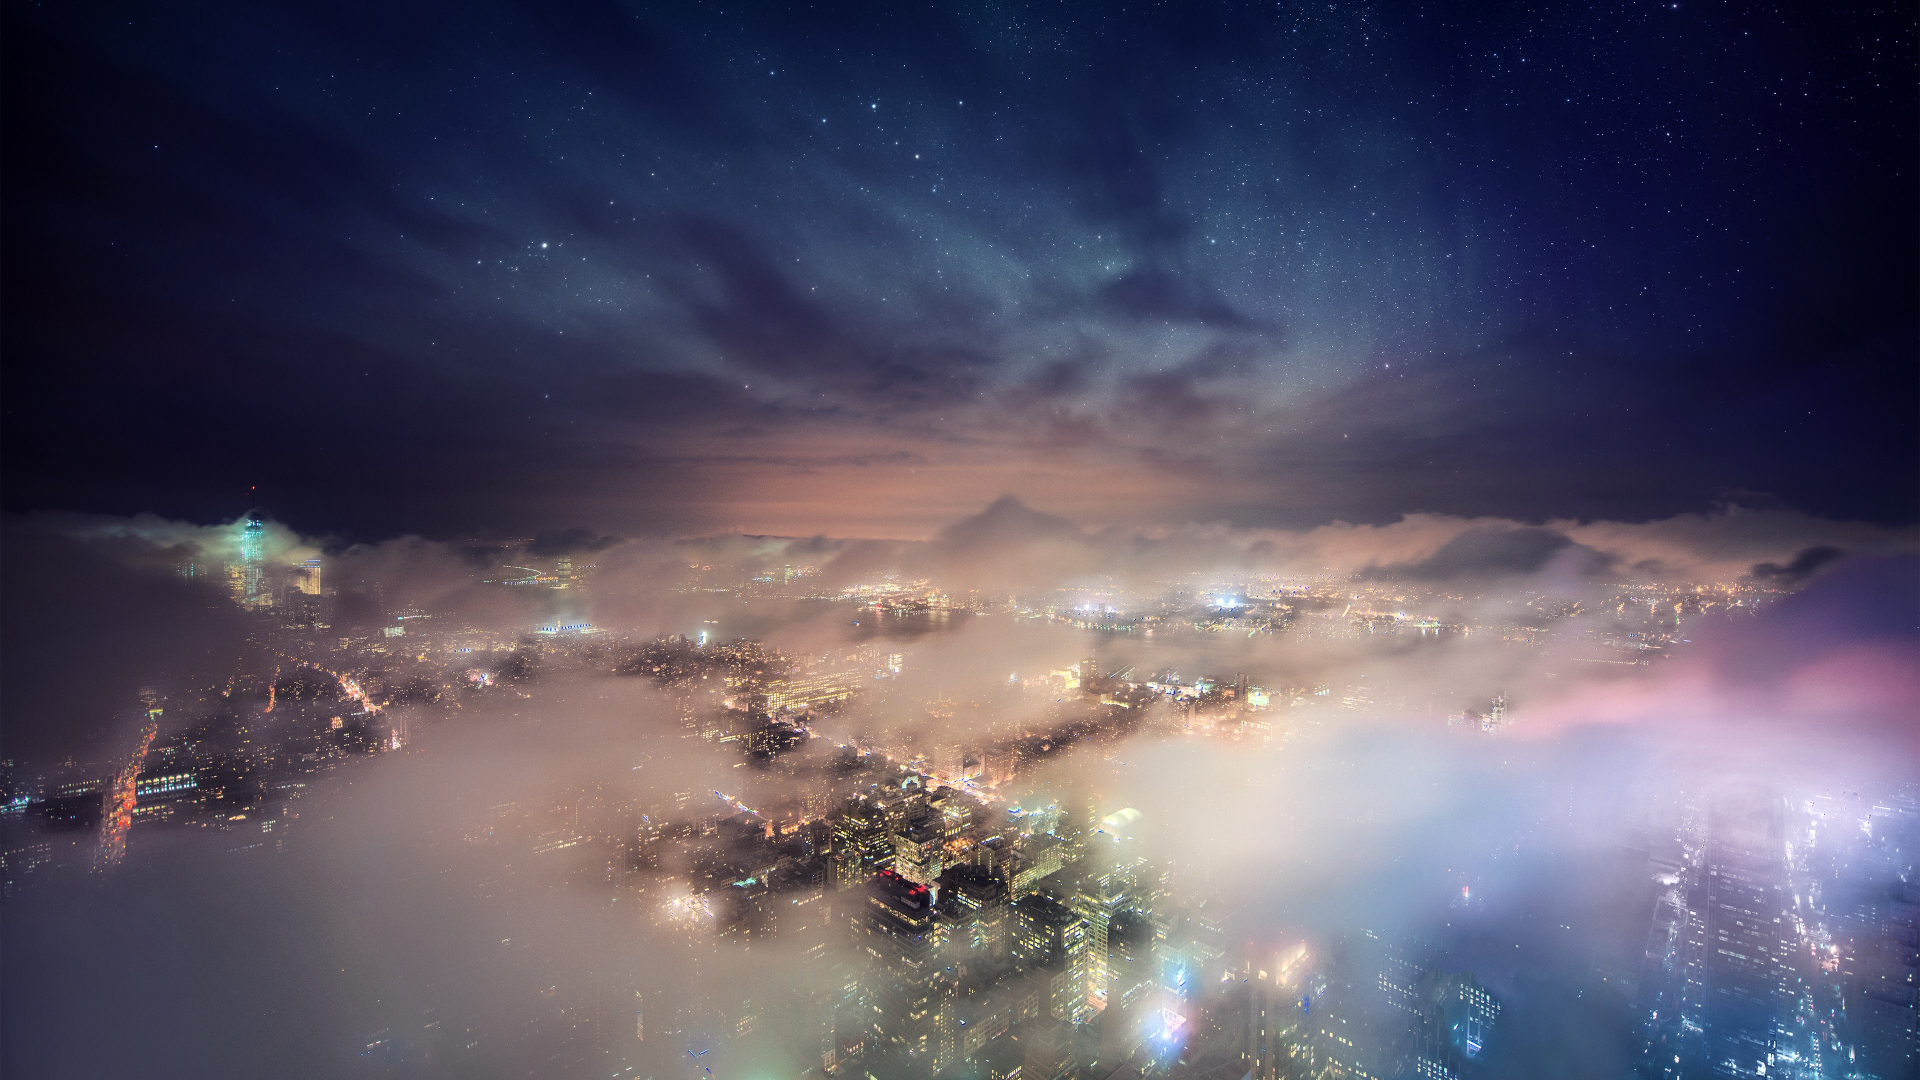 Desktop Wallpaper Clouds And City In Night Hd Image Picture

==

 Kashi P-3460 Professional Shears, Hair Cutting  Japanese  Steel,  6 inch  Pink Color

---

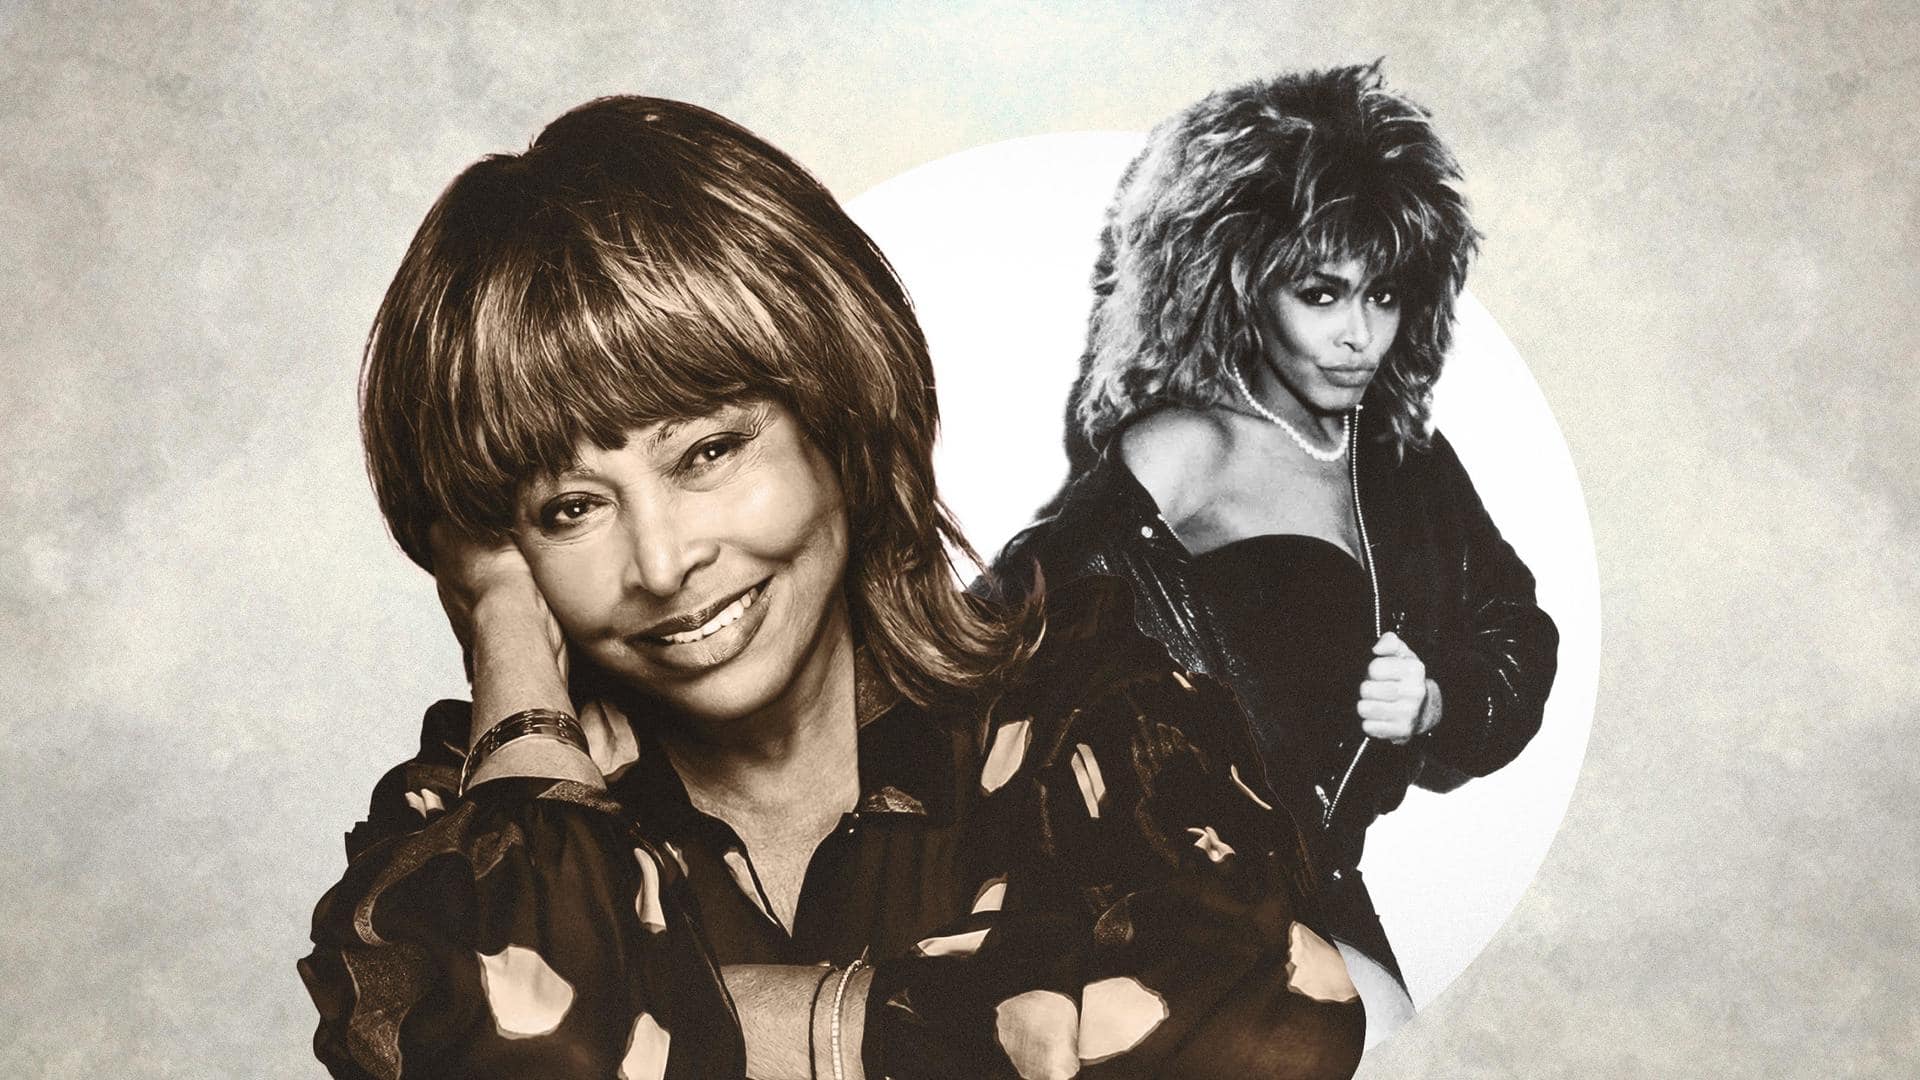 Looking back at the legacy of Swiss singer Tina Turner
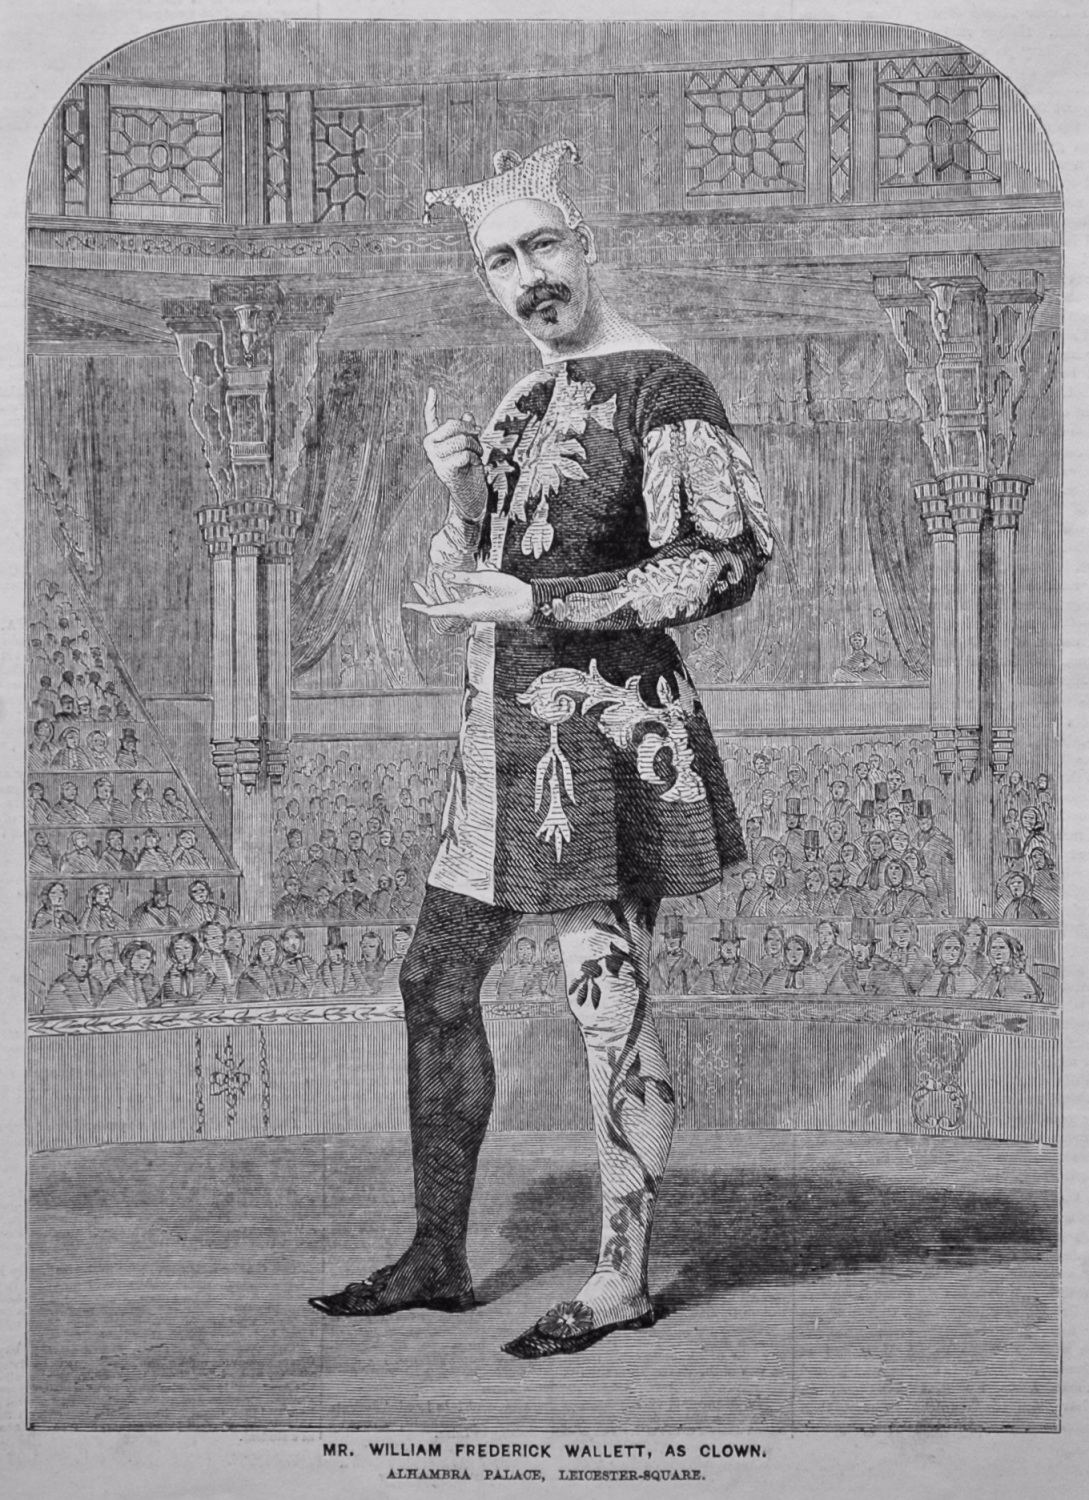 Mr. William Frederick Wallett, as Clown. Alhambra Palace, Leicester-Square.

_TASK_
Above are some records; extract exactly the lines from the one containing "Looking back at" through the one containing "Mr. William Frederick" and drop the pictures.

_RESPONSE TO THE TASK_
 Looking back at the legacy of Swiss singer Tina Turner
 Mr. William Frederick Wallett, as Clown. Alhambra Palace, Leicester-Square.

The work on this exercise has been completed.